Jeonghan menarik tengkuk pria itu erat—sangat, hingga rasanya dia tak akan melepas lagi. "Yang kutahu, kepulanganmu saja sudah lebih dari cukup bagiku."
END.
zula's note:
dek liiii! aku tau kamu mintanya udah dari jaman baheula. maap yaa, kak az baru rampungin sekarang. sebenernya aku udah punya plot semenjak mingguminggu uts, tapi selalu segitugitu aja. jadi sori kalo ini terlalu cheesy karna aku juga ngerjainnya jam set 3 pagi, mata masih sepet banget. ngebut 2,5k lagi ahahah. iya aku emang payah. gomenne. u_u) cuman berharap li suka aja sih, ga banyakbanyak.
ps; jeonghan itu queenbee-nya svt. i think itu orang punya aura yg bikin members lain can't take their eyes off of him tho dia sebenernya ga benerbener peduli. ato apa cuma aku aja yg mikir gini? o_o)
ps2; alasan ini dibikin gs cuman karna plotnya yg nuntut utk itu. pake gender apapun jeonghan, aku yakin cantiknya dia bakal tetep menguar(?) #bahasague. and fyi, di korea, kalo nikah si perempuannya gak ganti marga. tapi kalo punya anak, anaknya pake marga bapaknya.
ps3; fitur jeonghan disini itu dia yg sekarang oke. coba liat pretty u di durasi 2:05. jeonghan keliatan kayak mamah muda(?).
ps4; (*)frasa lain buat ngungkapin aku cinta kamu. ;)
ps5; dalreum itu aku ambil dari dal yang artinya bulan, dan reum itu singkatan dari areumdaubge yg artinya cantik/indah.
ps6; dan jeonghan pantes buat dipasangin sama whoever it is. ama papa coups, cocok. ama om jisoo, jadinya manis. ama seokmin, jatohnya ngocol. ama soonyoung, dobel ngocol. ama vernon juga bisa.

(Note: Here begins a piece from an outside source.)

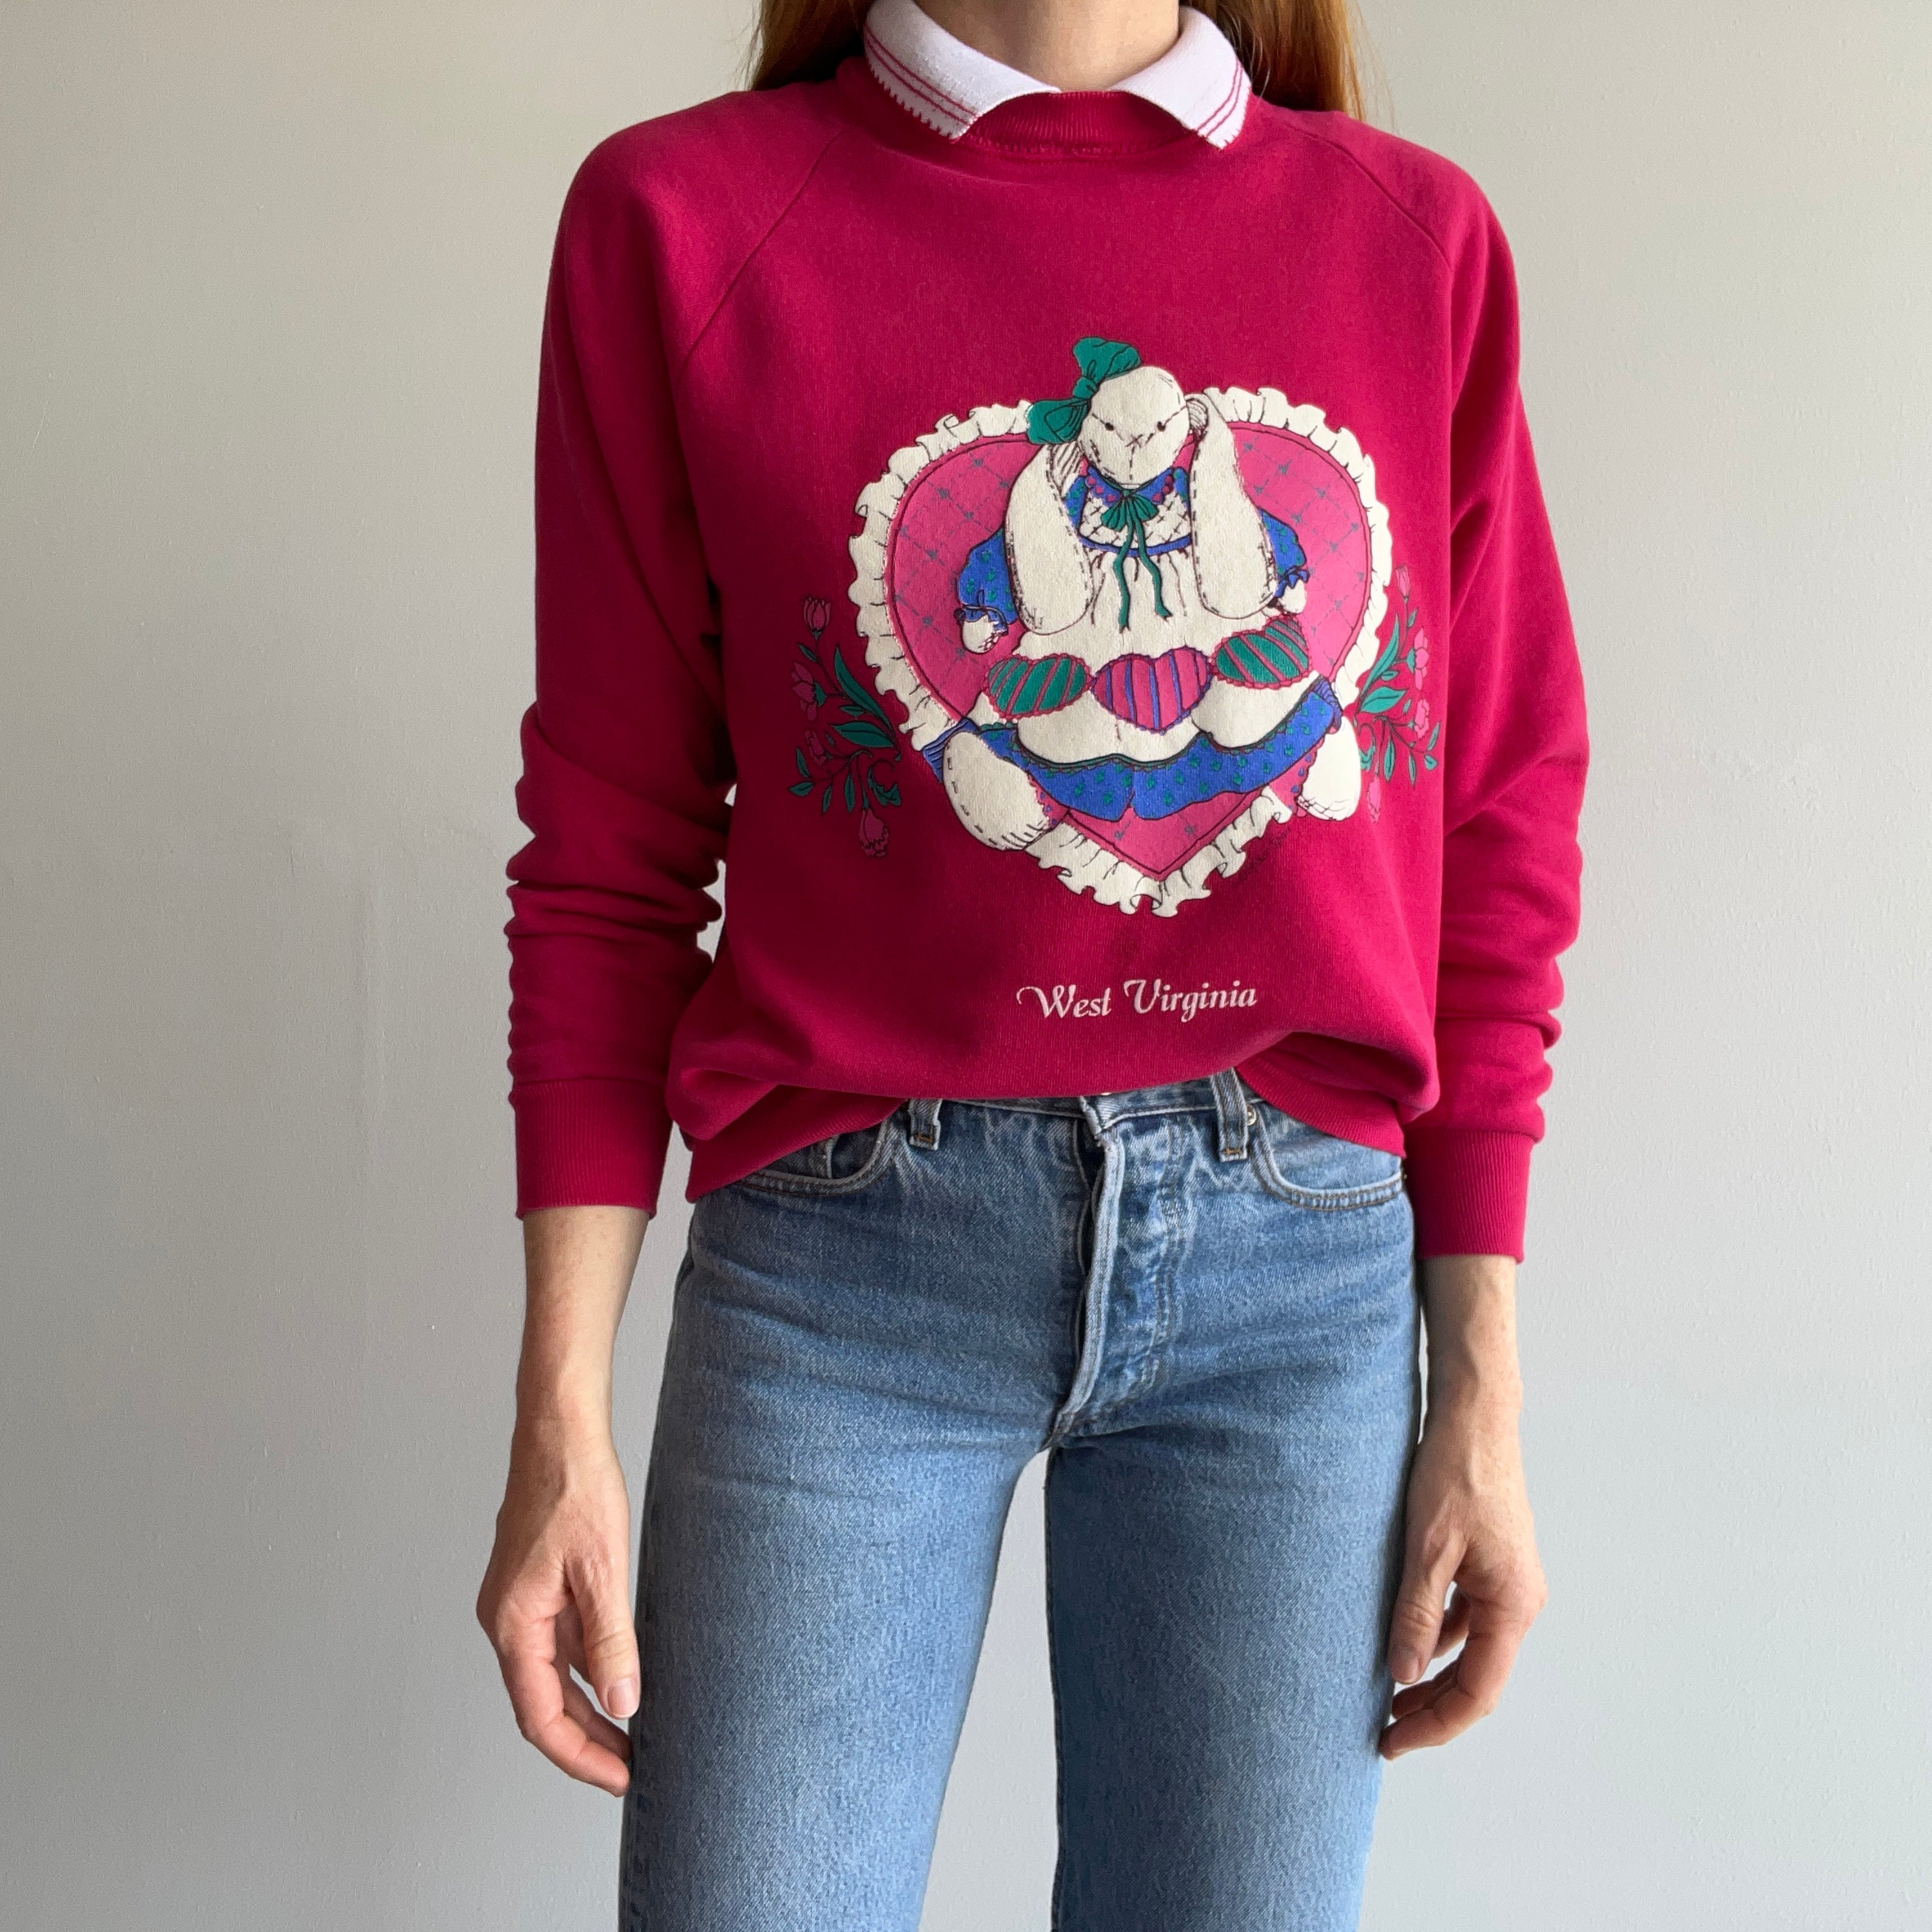 1980s West Virginia Bunny Sweatshirt of Someone's Dreams

ps7; soon, mungkin aku bakal nerbitin vernon x jeonghan. prompt udah punya tgl lanjut kalo ada mood. lagian di zutto mae kara suki deshita, pair ini ikutan nongol jadi slight. jadi sejak dulu aku tanpa sadar udah suka sama verhan(?).
ps8; sorisorisorisoriiiiiiii. buat siapapun yg pm aku, bukannya aku gamau balas. tapi emang belum sempat. aku suka, aku suka untuk ngobrol di sana ... thus, really sorry for can't reply them asap. u_u)
ps9; aku udah gabisa balas review satu persatu kayak dulu lagi. jadi, kalo emang kalian pingin reviewnya dibalas, bilang ya. hihi.